I think it's worth mentioning that the grieving process can apply to other things besides death as well - there are many kinds of losses, and it's important that we give ourselves time and space to process as needed.


----------



## Jewel (Sep 6, 2014)

(((((((((( Weedygarden ))))) I'm so sorry for your losses. Much love, strength and healing for you.
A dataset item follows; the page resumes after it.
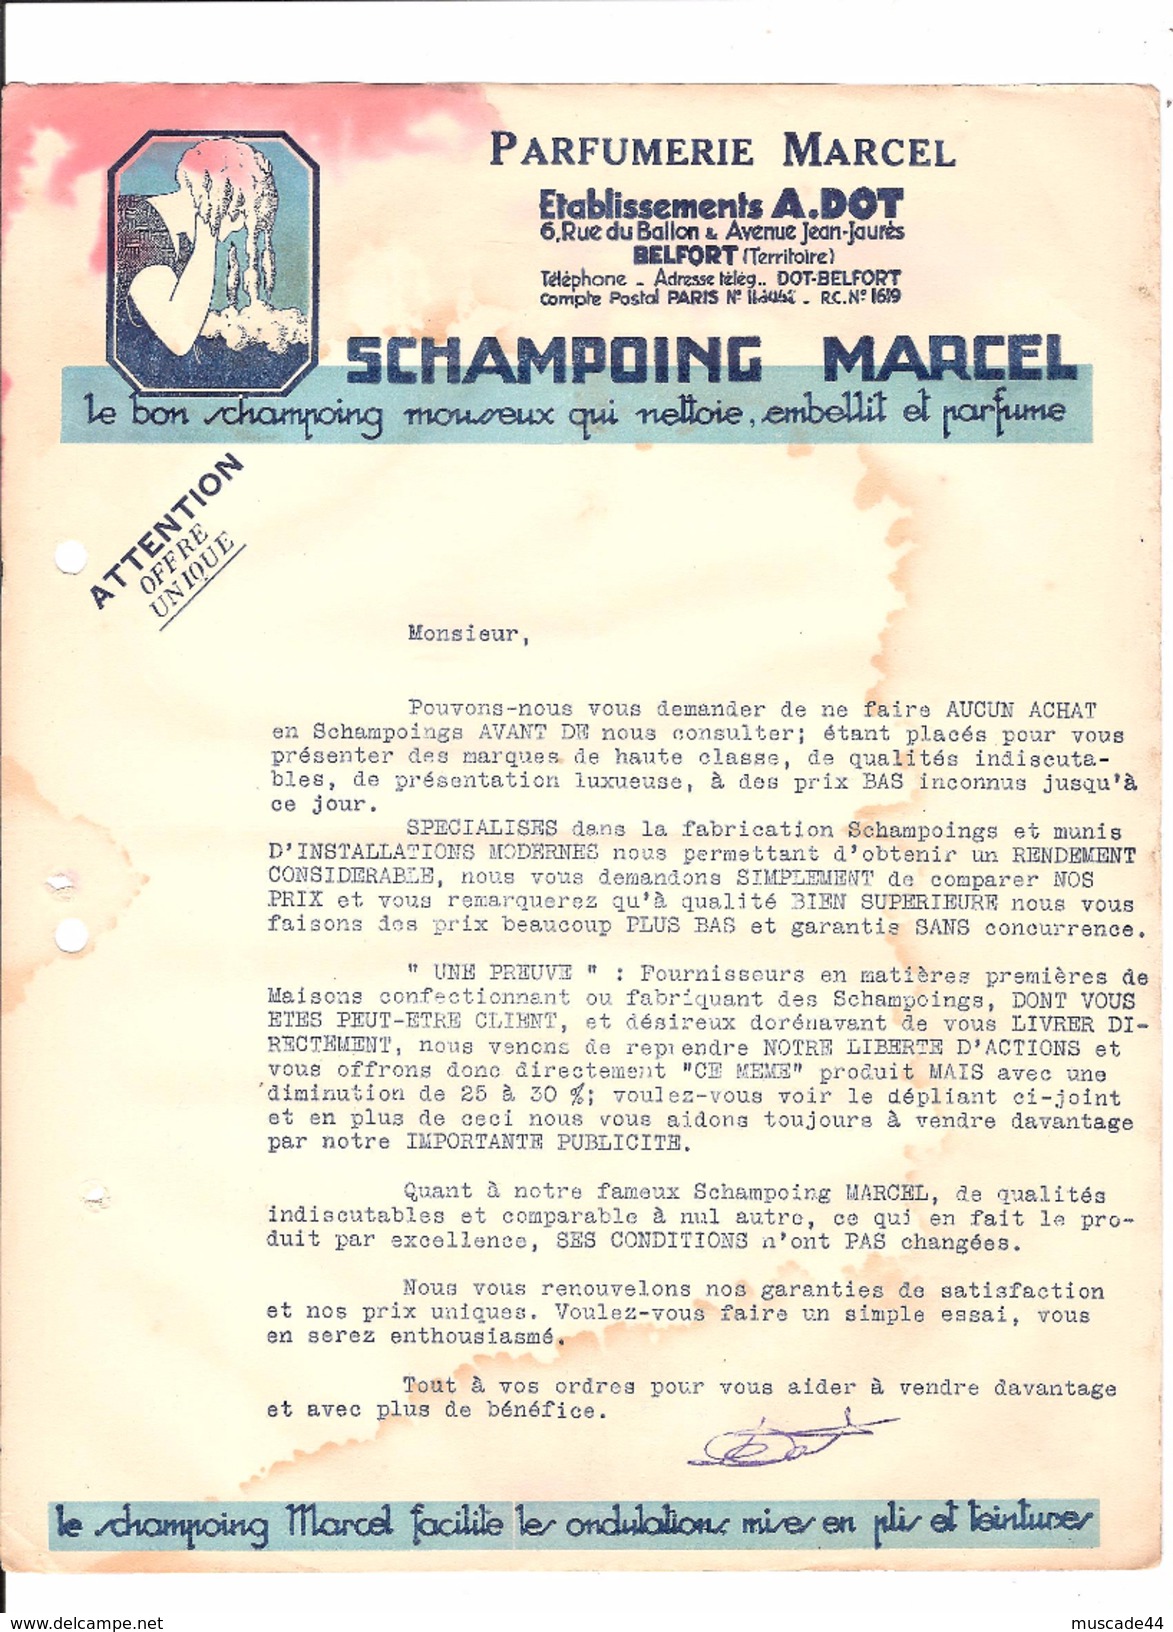 SHAMPOING MARCEL - A. DOT - BELFORT - 1900 – 1949

I've had three very hard losses right in a row, two this year. I don't agree with the 5 stages although I'm sure they apply to some folk. I only go through 1 stage, guilt, anger and pain. I force myself into a different way of being by acknowledging that things are as they are and to be able to live (and I do love life) I have to keeping going and hang on to the light. The 1 stage never leaves me though, not even after 30 some years. I think that in my 50 years I've known more loss and pain than good and kindness but it's the good a cling to and allow to feed my soul.


----------



## bugoutbob (Nov 11, 2012)

The stages do not always flow in order and a person can transition back and forth between stages on a frequent and/or infrequent basis. While the stages of grieving are fairly typical/universal the actual process is intensely personal and no two are alike. Working as Christian pastor I often spend time working with people who have been through losses ranging from relatively minor to overwhelmingly traumatic. One day at a time, sometimes one minute at a time is often the best coping strategy for many people. Having a good support network can make the process far more tolerable.


----------



## forluvofsmoke (Jan 27, 2012)

Weedygarden, sorry for your losses. Being you have posted this, you know the healing process will continue over time, and to resist will lengthen or stop the process. To go with the flow will speed your healing...that's the good news. I wish the best to you and yours.



Jewel said:


> I've had three very hard losses right in a row, two this year. I don't agree with the 5 stages although I'm sure they apply to some folk. I only go through 1 stage, guilt, anger and pain. I force myself into a different way of being by acknowledging that things are as they are and to be able to live (and I do love life) I have to keeping going and hang on to the light. The 1 stage never leaves me though, not even after 30 some years. I think that in my 50 years I've known more loss and pain than good and kindness but it's the good a cling to and allow to feed my soul.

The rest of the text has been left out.